OTTAWA, ONTARIO — (Marketwired) — 08/05/14 — The Grain Growers of Canada (GGC) are pleased that the text for the Canada-European Union Trade Agreement (CETA) has been agreed upon, and urge the Federal and Provincial governments to finalize its approval.
“This agreement will represent a big boost to the bottom line for Canadian farmers,” said GGC President Gary Stanford. “We are urging the Federal and Provincial governments to act quickly and ensure that farmers have access to a global marketplace.”
With the text now set in place, Canada’s provinces and territories have received the agreement and now must approve its content in order for the CETA to move forward.
“The quickest path to success for Canadian farmers is increased access to markets,” added Stanford. “The CETA will provide that, and ensure a successful future for Canadian agriculture-and our economy.”
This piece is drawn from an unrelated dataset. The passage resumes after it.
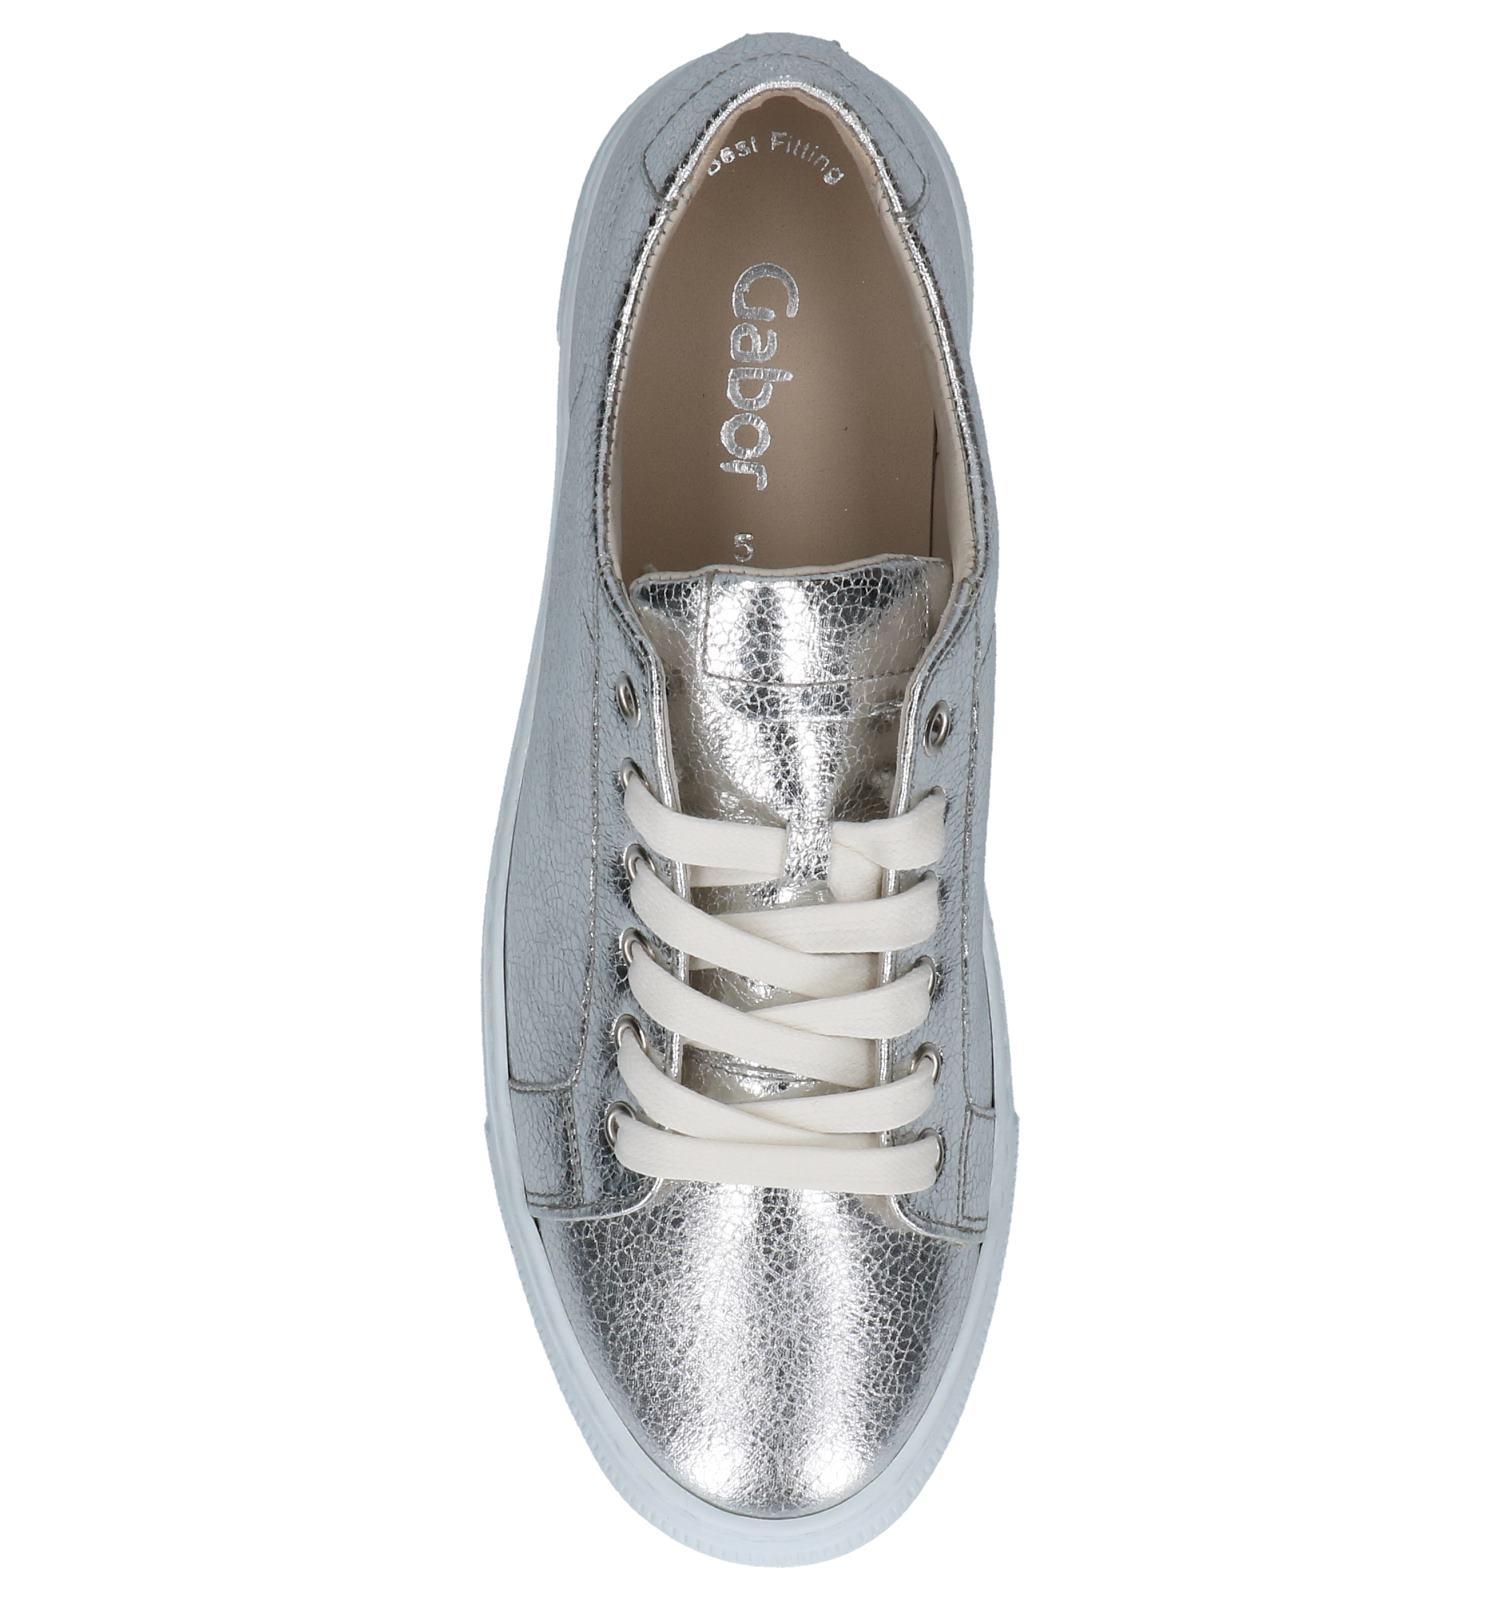 5cec937aab1 Lage Geklede Sneakers Zilver Gabor Best Fitting | TORFS.BE | Gratis verzend  en retour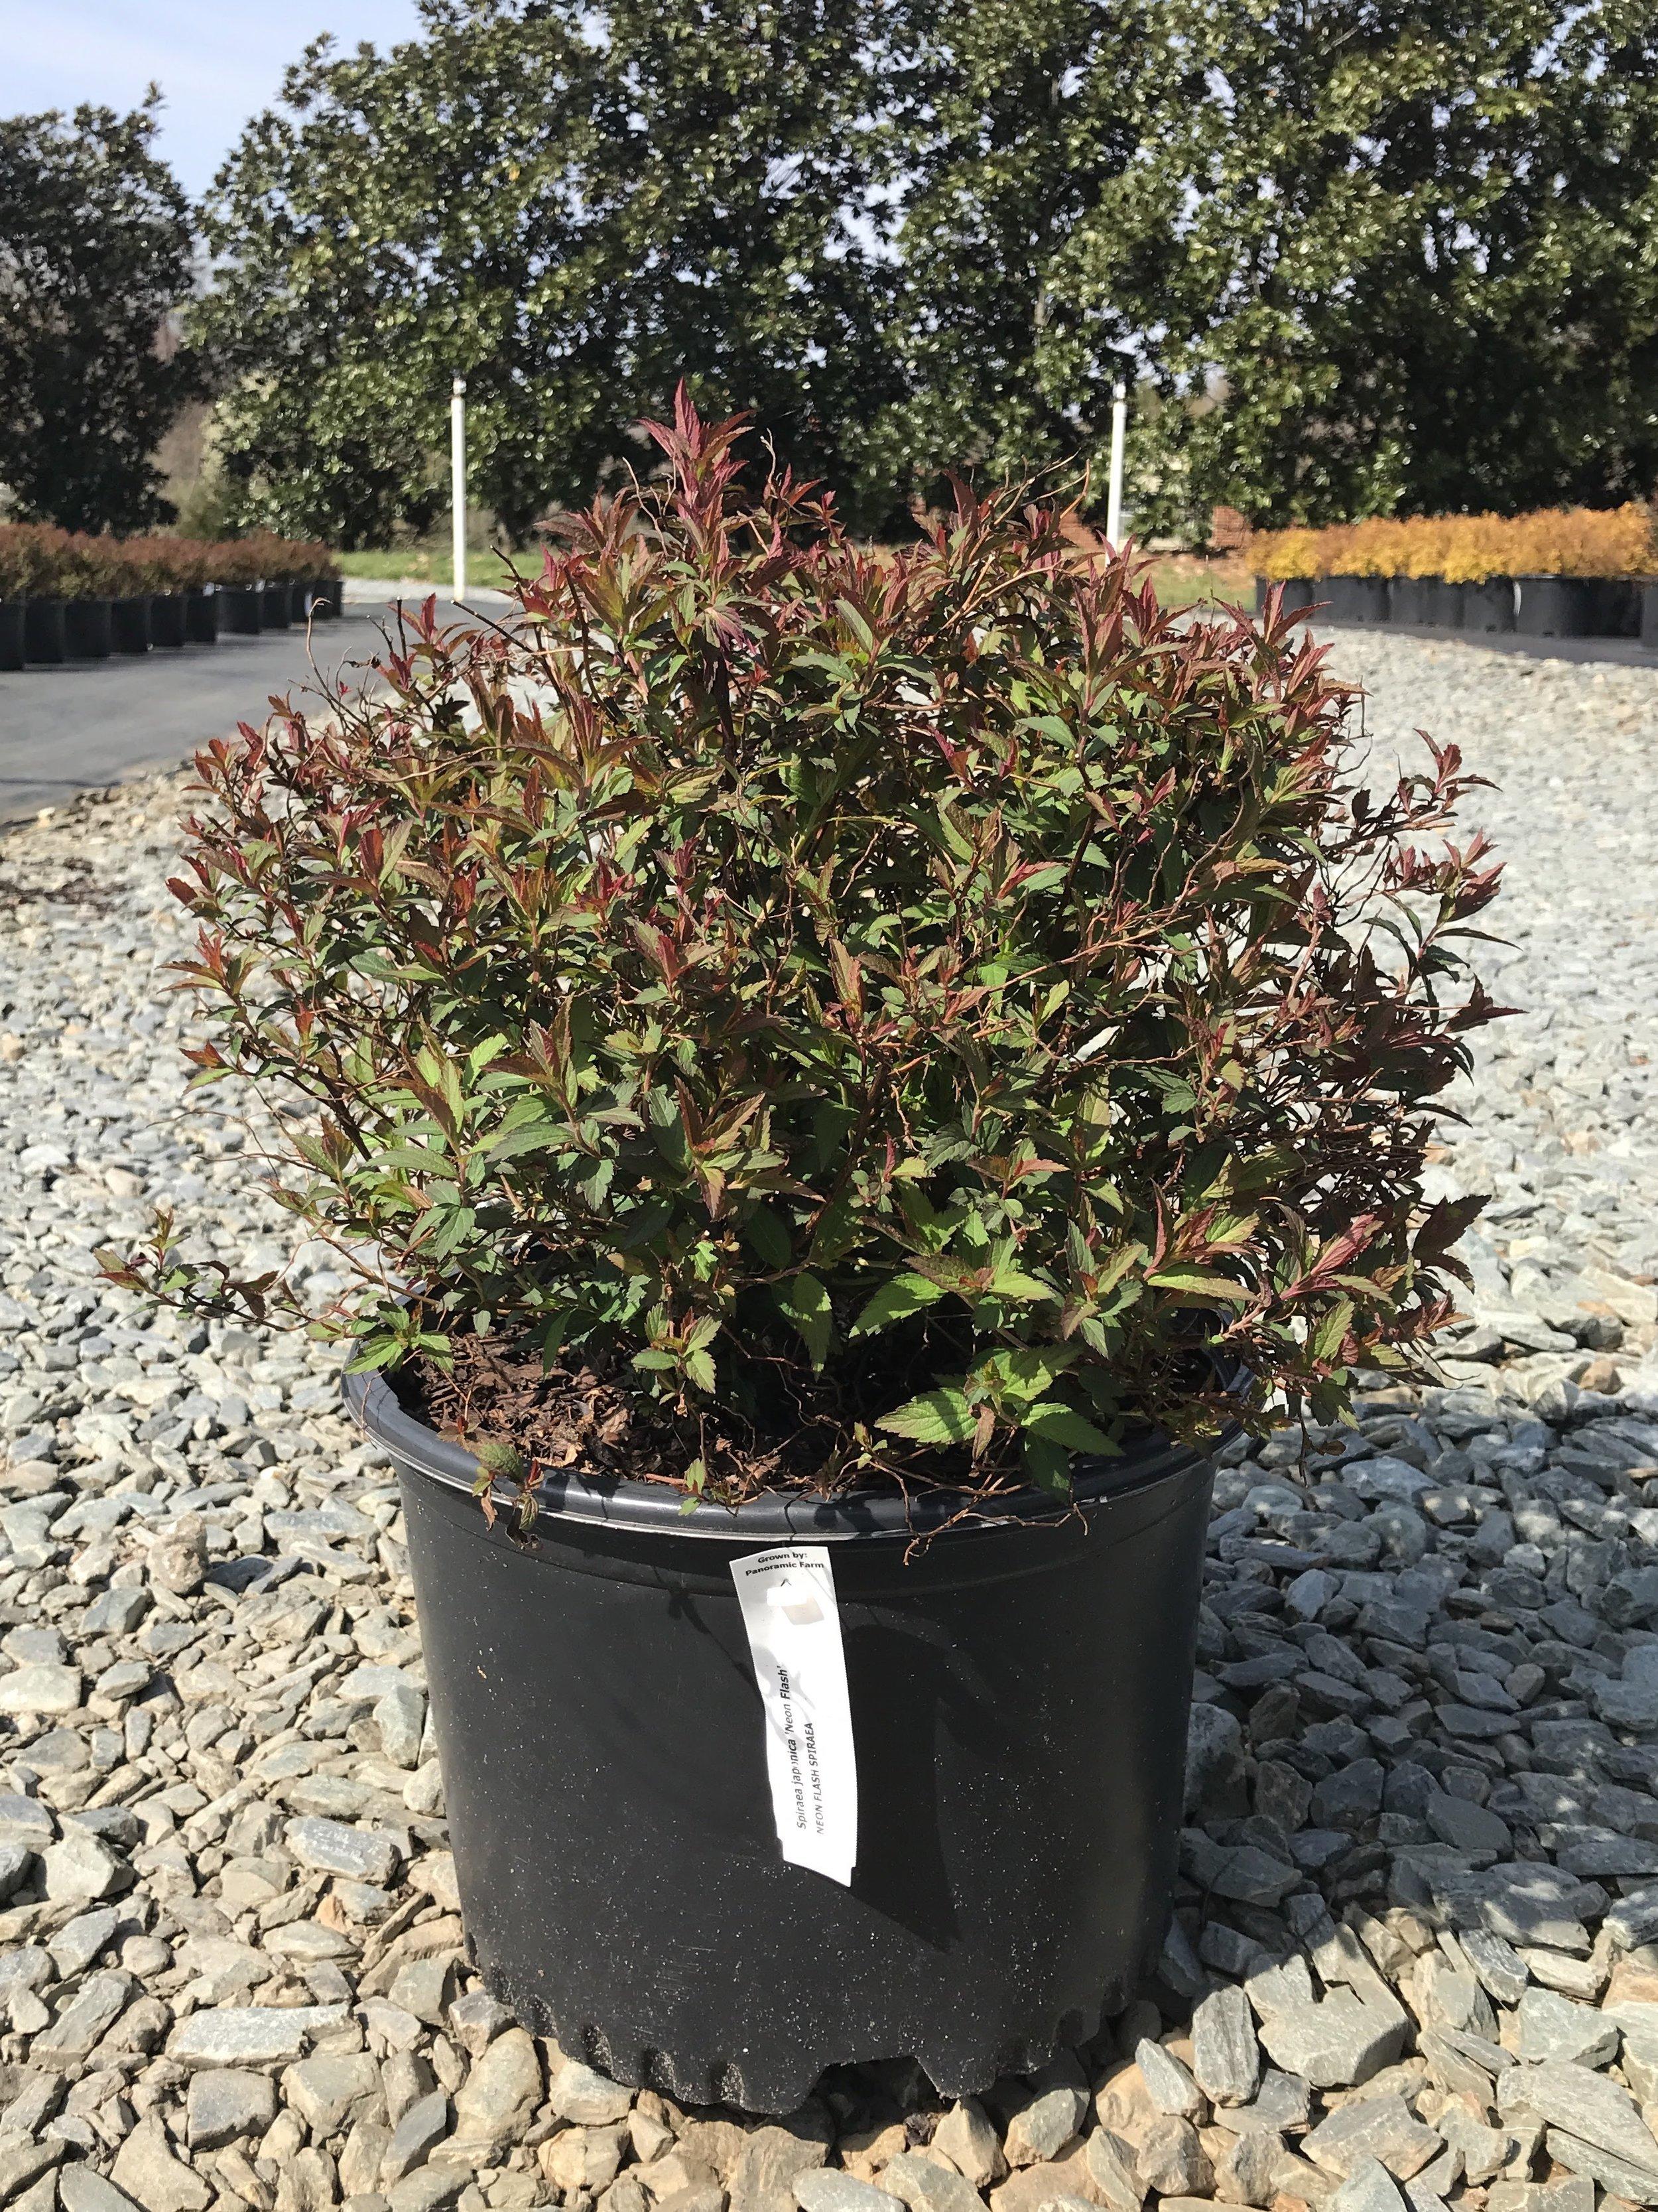 (overstock) Spiraea japonica 'Neon Flash' - 3 gallon

Future projections from a joint study with the EU indicate that the CETA could boost trade by 20 percent and increase Canada’s annual income by $12 billion. This is in addition to providing Canadian farmers with access to the world’s largest integrated economy-which includes 500 million consumers and a GDP of $17 trillion.
The EU also releases more than 36 percent of the world’s new processed food products making it the most innovative and leading edge food industry in the world.
“We need to diversify to keep up in the global marketplace,” added Michael Delaney, GGC’s representative on the Canadian Agri-Food Trade Alliance. “Increasing the flow of goods between our country and the EU will only mean good things for Canadian farmers and consumers.”